Um Schonung bitten diese kleinen Lieder,
Die Einsamkeit aus stillem Schoß gebahr;
Wie sehr bedarf der nachsichtvollen Güte,
Was meinem Geiste nur Erholung war!

Und wenn die Träne gleichgestimmter Seelen
Voll Mitgefühl auf diese Blätter fällt,
Wenn's mir gelingt der Brüder wunde Herzen
Emporzuheben zu dem Gott der Welt.

Dann segnet freudig ich die schöne Stunde,
In der ein matter Schimmer mich umstrahlt,
Und zeig' euch die dem Aug' verborgnen Bilder
So einfach, wie die Fantasie mir malt.

Nur einen Wunsch, der mir im Busen bebet,
Enthüll' ich ohne Scheu vor eurem Blick:
Der Menschheit Leiden weih' ich diese Zeilen;
Ach könnt' ich freundlich lindern ihr Geschick!
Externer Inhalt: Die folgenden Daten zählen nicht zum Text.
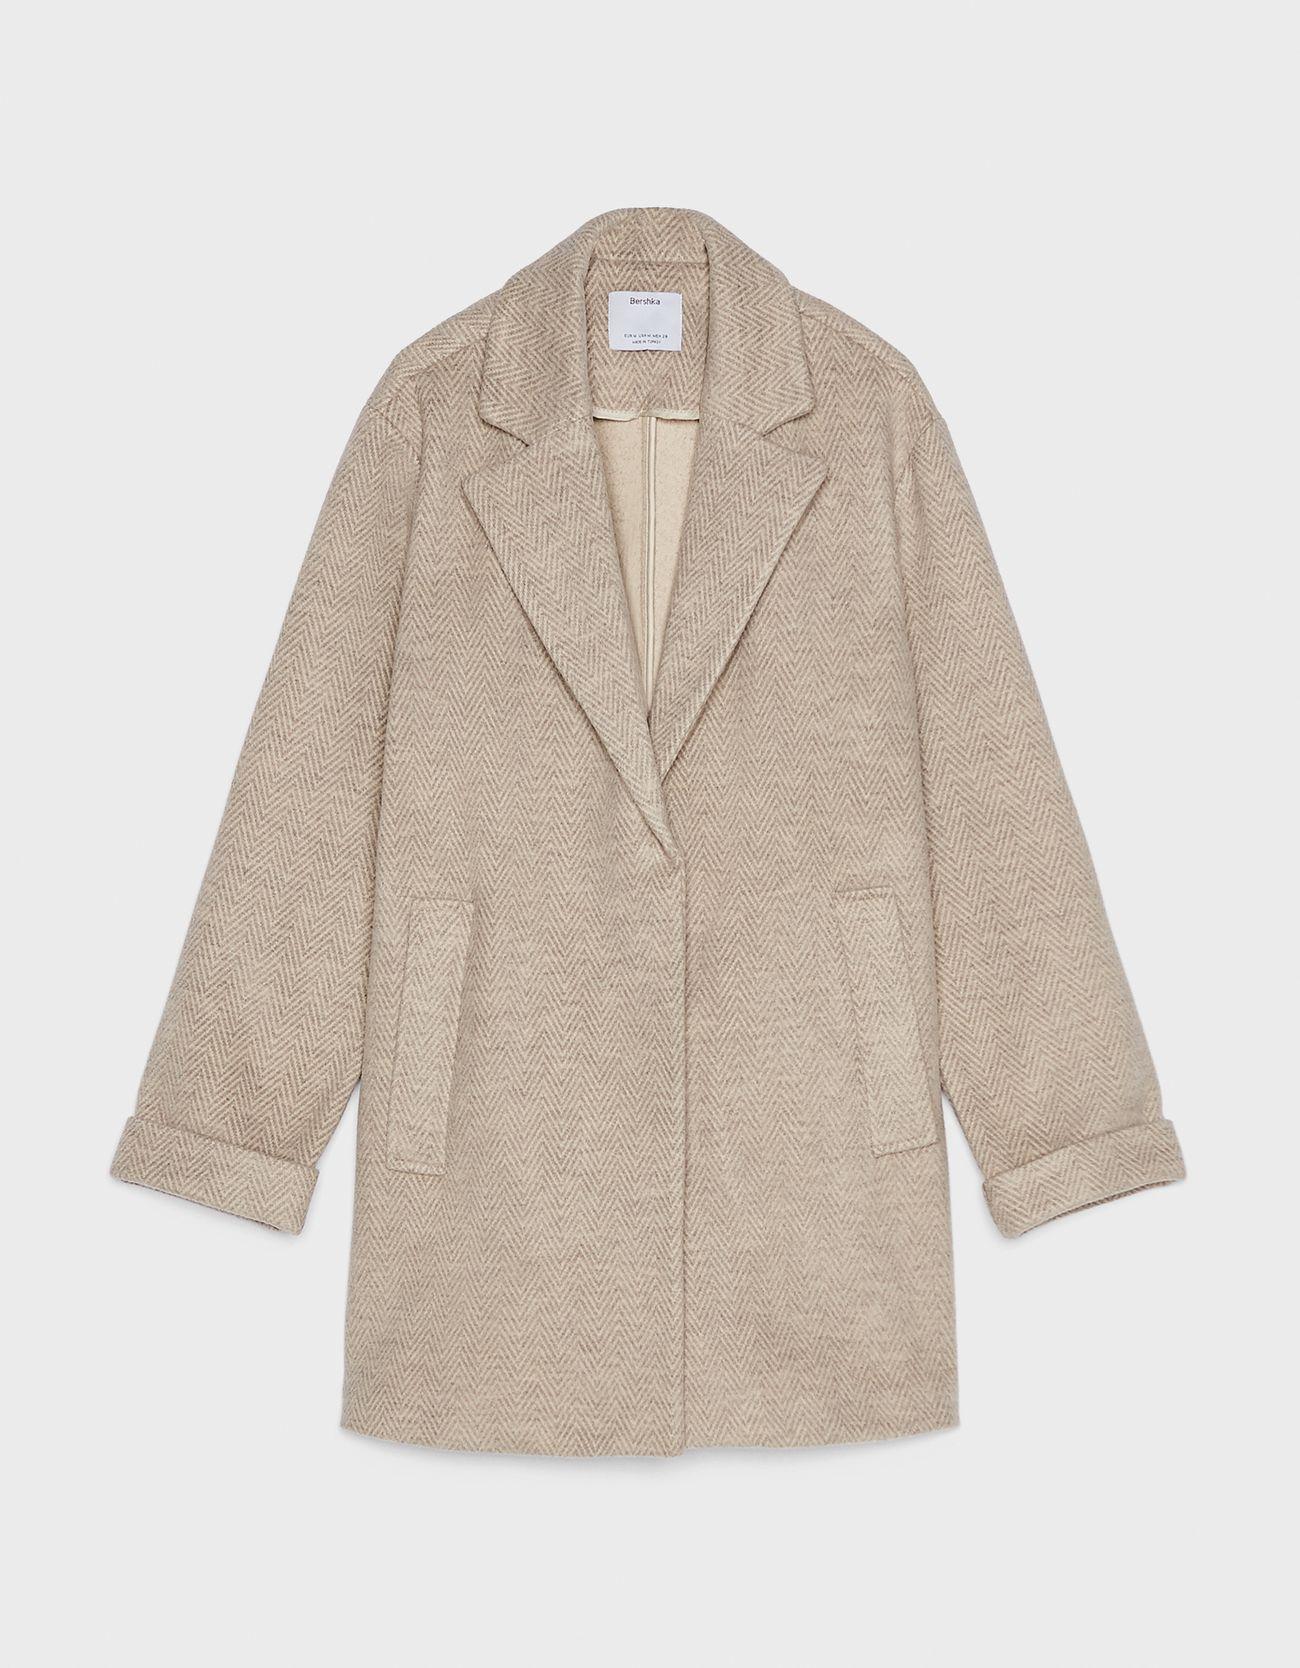 Пальто в мужском стиле Верблюжий Bershka

Darum verschmäht nicht meine leisen Töne,
Reicht liebvoll eine kleine Gabe hin;
Sie ist bestimmt des Kranken Schmerz zu heilen,
Und aufzurichten den gebeugten Sinn.

Genießet ganz des Wohltuns reine Freude,
In der allein das Glück des Himmels thront,
Des Armen Dank lehrt eignen Gram vergessen,
Wenn neu in ihm die Lust zum Dasein wohnt.

So lasst auch mich das Licht im Dunkeln schauen,
Gewähret mir einen seligen Genuss!
Wenn eure Milde Not und Kummer stillet,
Dann fühl' ich nicht, was ich entbehren muss.